Mais derrière le succès se cache une souffrance. Jacques Villeret, l’homme public si attachant, vit un enfer privé. L’alcool est son compagnon. "Un instrument pour lui. Passé un nombre de verres, il retrouve la colère qui l'encombre depuis l'enfance, se prenant pour le maître du monde, menaçant, agressif et parfois dangereux", comme disait son ancienne compagne Irina Tarassov, qu’il épouse en 1979. Celle-ci vit à ses côtés ces années troubles. Elle raconte, après leur séparation, une vie marquée par la violence, les colères, les chantages affectifs. "Il n’avait jamais tort, ne s’excusait jamais", avait-elle confié, dans son livre Un jour tout ira bien paru en 2006.
À ses blessures d’enfance, s’ajoute une nouvelle alors qu’en couple avec Irina. Il se sait incapable de devenir père et sombre de plus en plus dans l’alcoolisme. Il adopte néanmoins Alexandre, le fils d’Irina, et lui transmet sa passion du cinéma.

L'acteur français Jacques Villeret I Source : Getty Images
Alexandre garde, d’ailleurs, vivante la mémoire de son père adoptif. "Papa voulait être pianiste dans un piano-bar", se souvient-il. Aujourd’hui cinéaste, il a choisi d’être derrière la caméra. Dans l’écriture, le montage et les documentaires, il fait vivre l’héritage de son père. Il poursuit la flamme avec dignité, à sa manière, fidèle au dernier conseil de Jacques : "Fais ce que tu aimes, mais fais-le bien."
En 1998, après vingt an de vie commune, Irina quitte Jacques Villeret. Elle l’aime encore, mais ne peut plus supporter ce quotidien devenu irrespirable surtout après l’épisode dramatique où, en pleine crise, il a tenté de mettre le feu à leur lit. Pour l’acteur, c’est une nouvelle fracture.
C’est alors que survient Sény. Elle a vu Le dîner de cons et veut rencontrer cet homme qui l’a tant émue. Leur rencontre tient du miracle. Tous deux fragilisés, meurtris, tombent follement amoureux. "Nous nous sommes rencontrés à un moment où nous étions très malheureux chacun dans notre vie et nous avons décidé d’essayer de ne plus l’être ensemble", avait déclaré Sény dans les colonnes de Gala après le décès de son compagnon.
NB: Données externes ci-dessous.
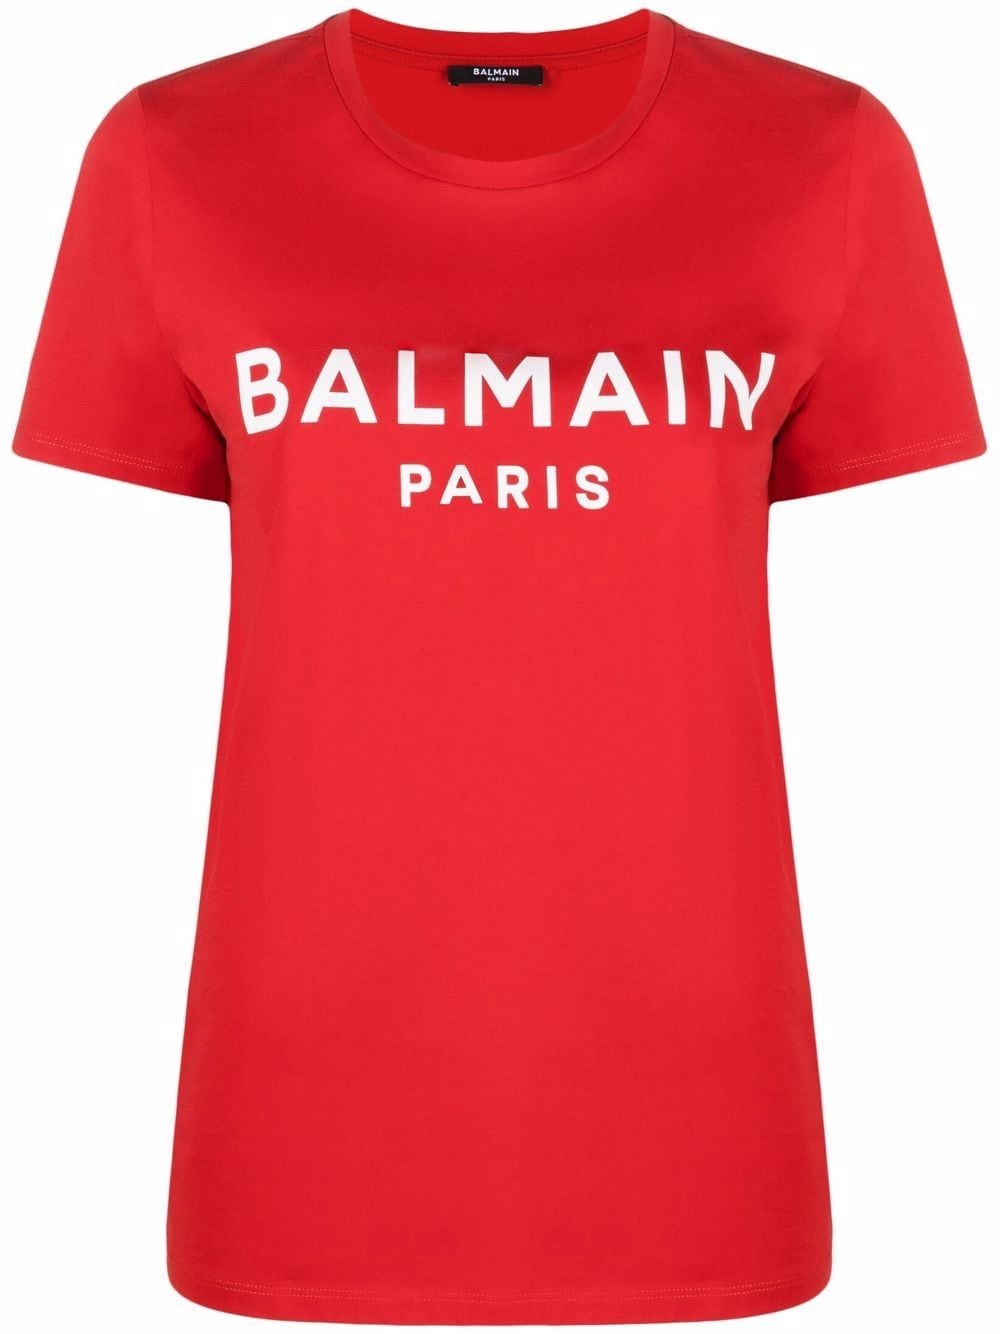 Balmain Logo t-shirt for Women - US ...

Elle, veuve et mère de trois enfants ; lui, divorcé, perdu. Ils se rebaptisent tendrement : elle est son "bébé black", il est son "bébé blanc". Un amour sincère, pudique, plein d’espoir. Avec elle, Jacques retrouve le goût des choses simples. Ils s’affichent ensemble lors d’événements, complices, unis. Il achète même une maison à Croth, en Normandie. Un petit coin de paradis. Il rêve d’y vieillir avec elle. Ce sera le théâtre de ses derniers jours.

Jacques Villeret assiste à la première du film "Ocean's Twelve" à Paris I Source : Getty Images
Le 28 janvier 2005, Jacques s’effondre. Son foie, usé par les années d’excès, le trahit. L’hémorragie est fatale. Il meurt à l’hôpital d’Évreux. Il n’aura pas profité de sa maison, ni de sa renaissance sentimentale.
Jacques Villeret laisse derrière lui un vide immense, celui d’un artiste qui savait incarner l’humanité dans ce qu’elle a de plus fragile et de plus lumineux. Sa voix, ses regards, ses silences peuplent encore nos mémoires. On se souvient de ses maladresses tendres, de ses rires éclatants, de sa profonde mélancolie. Il n’a peut-être jamais trouvé la paix ici-bas, mais il a offert au public des instants de vérité bouleversante. Aujourd’hui, ses films restent comme des balises, des refuges. Et quelque part, entre deux éclats de rire, c’est son âme blessée qui continue de nous toucher.